Re: [PATCH v9 01/26] arm64: Fix HCR.TGE status for NMI contexts

From: Christoffer Dall
Date: Thu Jan 31 2019 - 03:19:05 EST


On Mon, Jan 28, 2019 at 03:42:42PM +0000, Julien Thierry wrote:
> Hi James,
>
> On 28/01/2019 11:48, James Morse wrote:
> > Hi Julien,
> >
> > On 21/01/2019 15:33, Julien Thierry wrote:
> >> When using VHE, the host needs to clear HCR_EL2.TGE bit in order
> >> to interract with guest TLBs, switching from EL2&0 translation regime
> >
> > (interact)
> >
> >
> >> to EL1&0.
> >>
> >> However, some non-maskable asynchronous event could happen while TGE is
> >> cleared like SDEI. Because of this address translation operations
> >> relying on EL2&0 translation regime could fail (tlb invalidation,
> >> userspace access, ...).
> >>
> >> Fix this by properly setting HCR_EL2.TGE when entering NMI context and
> >> clear it if necessary when returning to the interrupted context.
> >
> > Yes please. This would not have been fun to debug!
> >
> > Reviewed-by: James Morse <james.morse@xxxxxxx>
> >
> >
>
> Thanks.
>
> >
> > I was looking for why we need core code to do this, instead of updating the
> > arch's call sites.

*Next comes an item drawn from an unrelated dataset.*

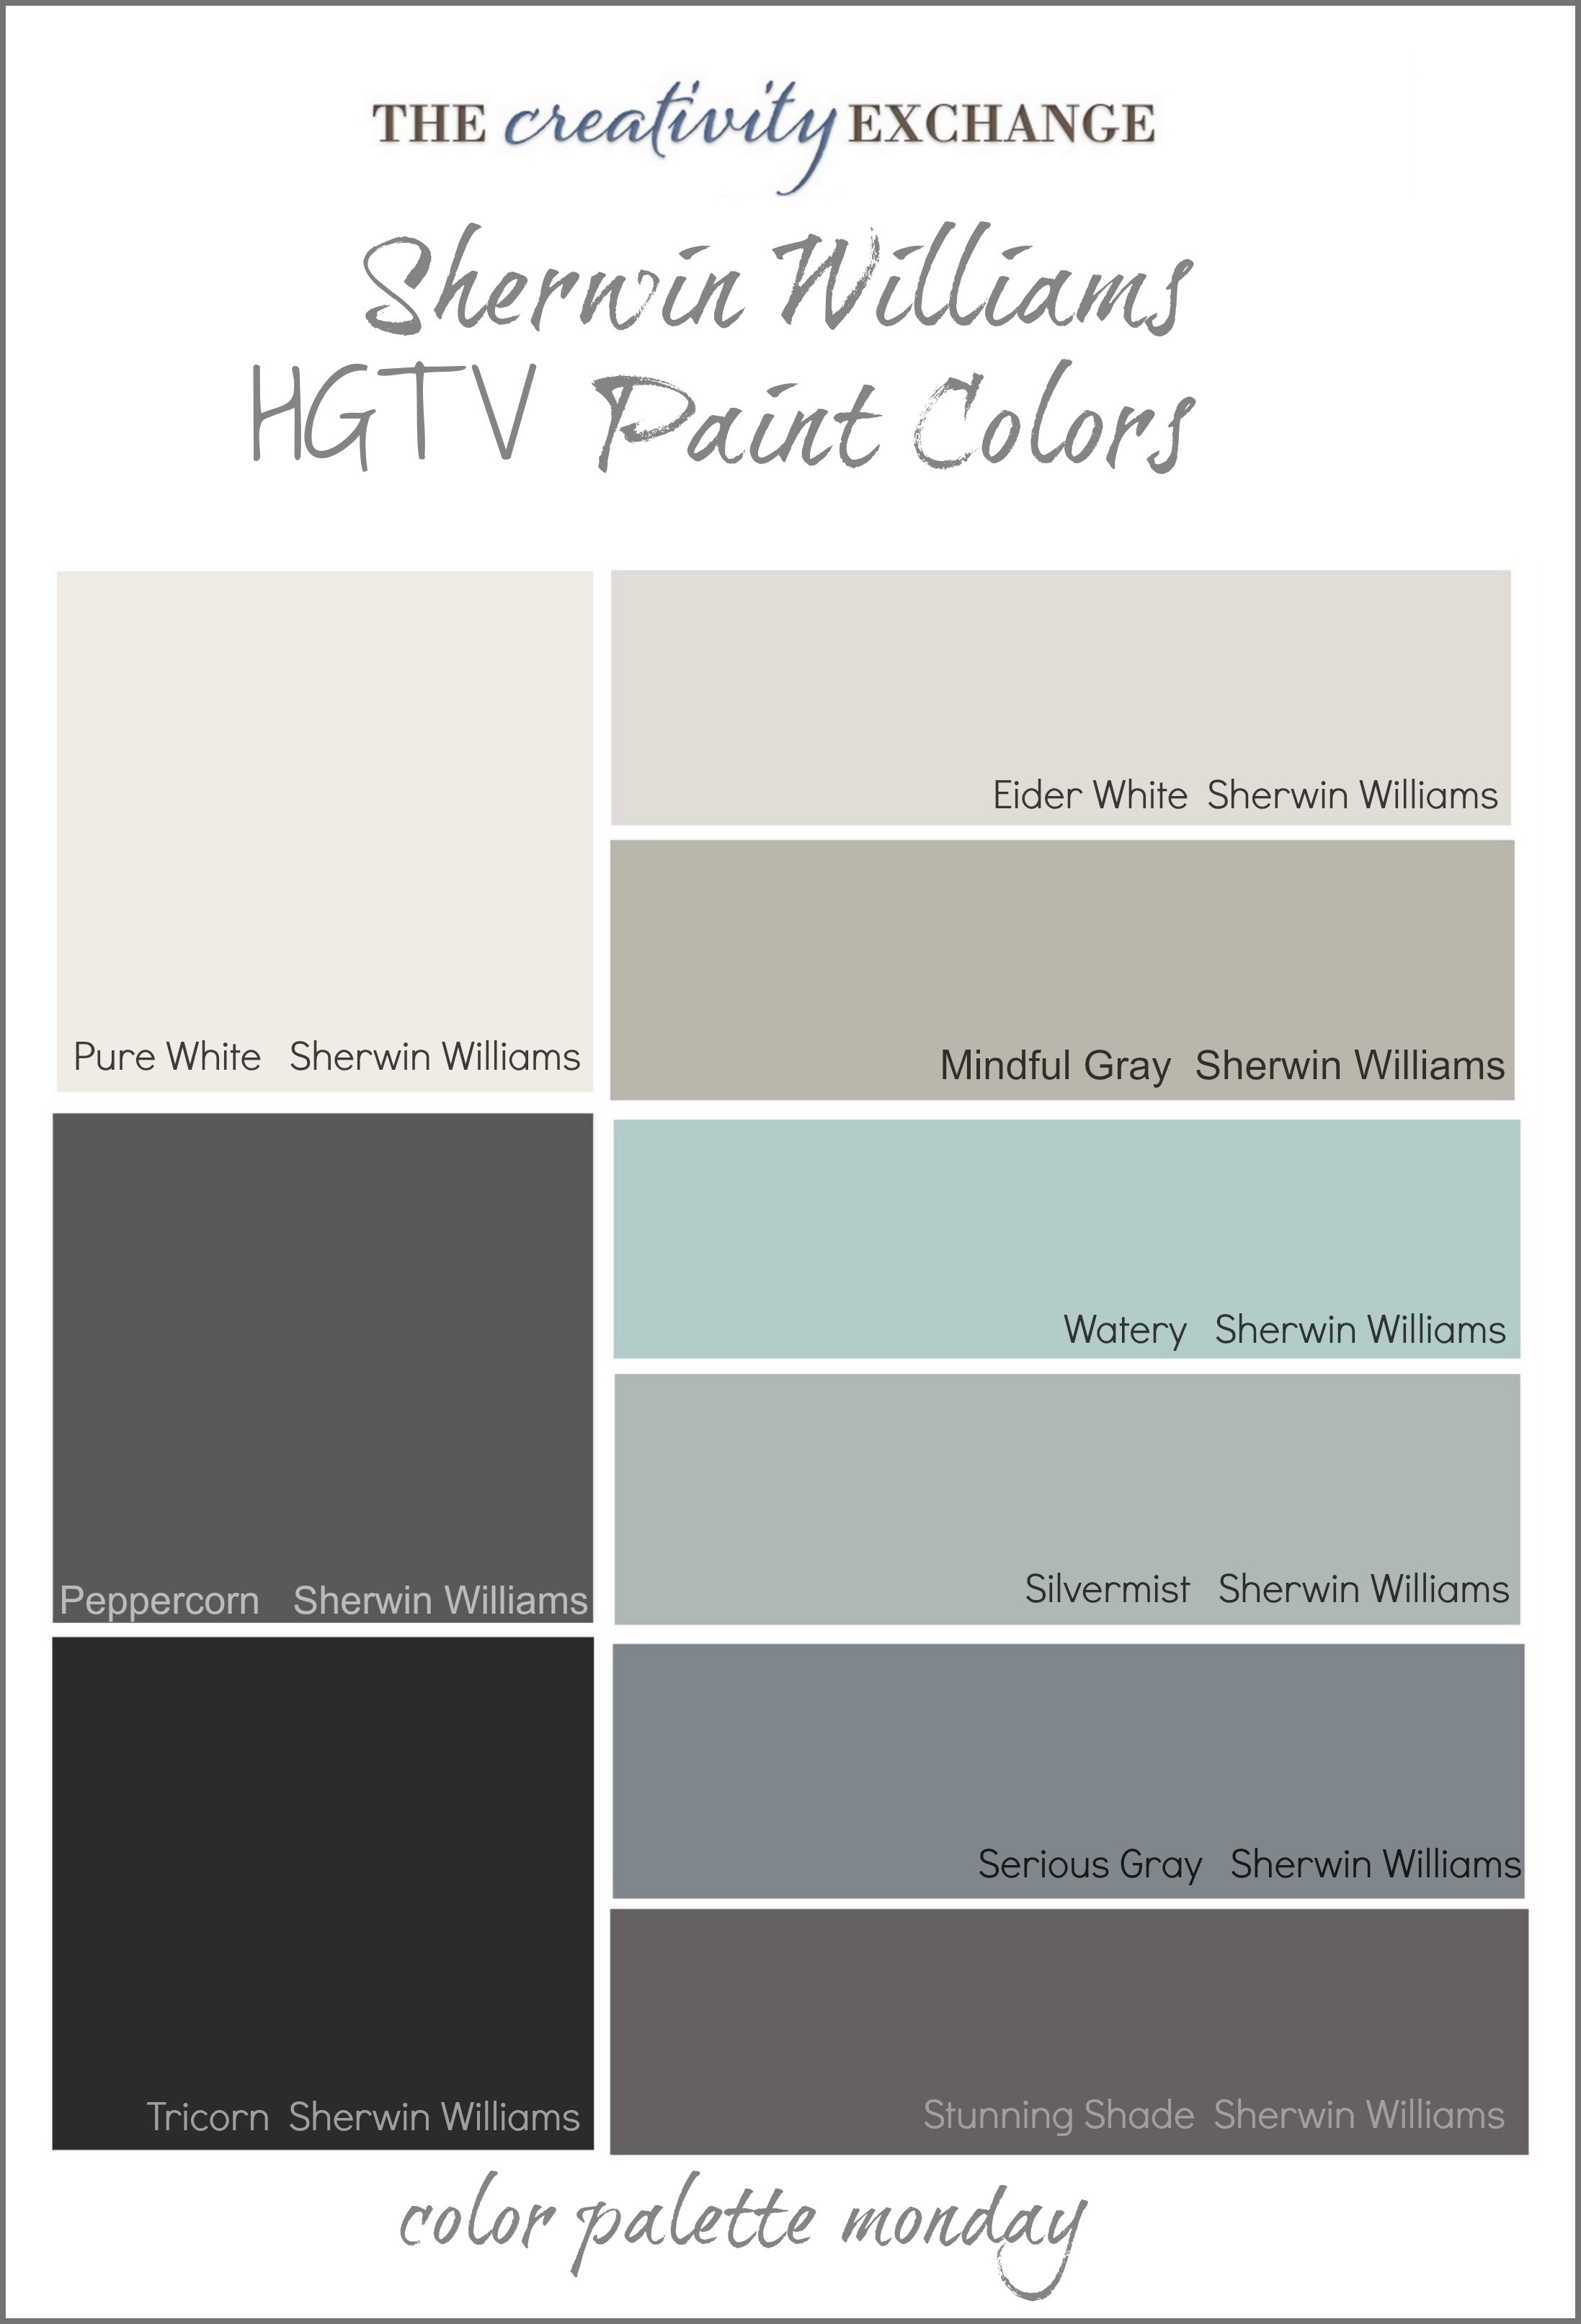 Best ideas about Grey Paint Colors
. Save or Pin Readers Favorite Paint Colors Color Palette Monday Now.

Your 'irqdesc: Add domain handlers for NMIs' patch (pointed
> > to from the cover letter) is the reason: core-code calls nmi_enter()/nmi_exit()
> > itself.
> >
>
> Yes, that's the main reason.
>
I wondered the same thing, but I don't understand the explanation :(

Why can't we do a local_daif_mask() around the (very small) calls that
clear TGE instead?


Thanks,

Christoffer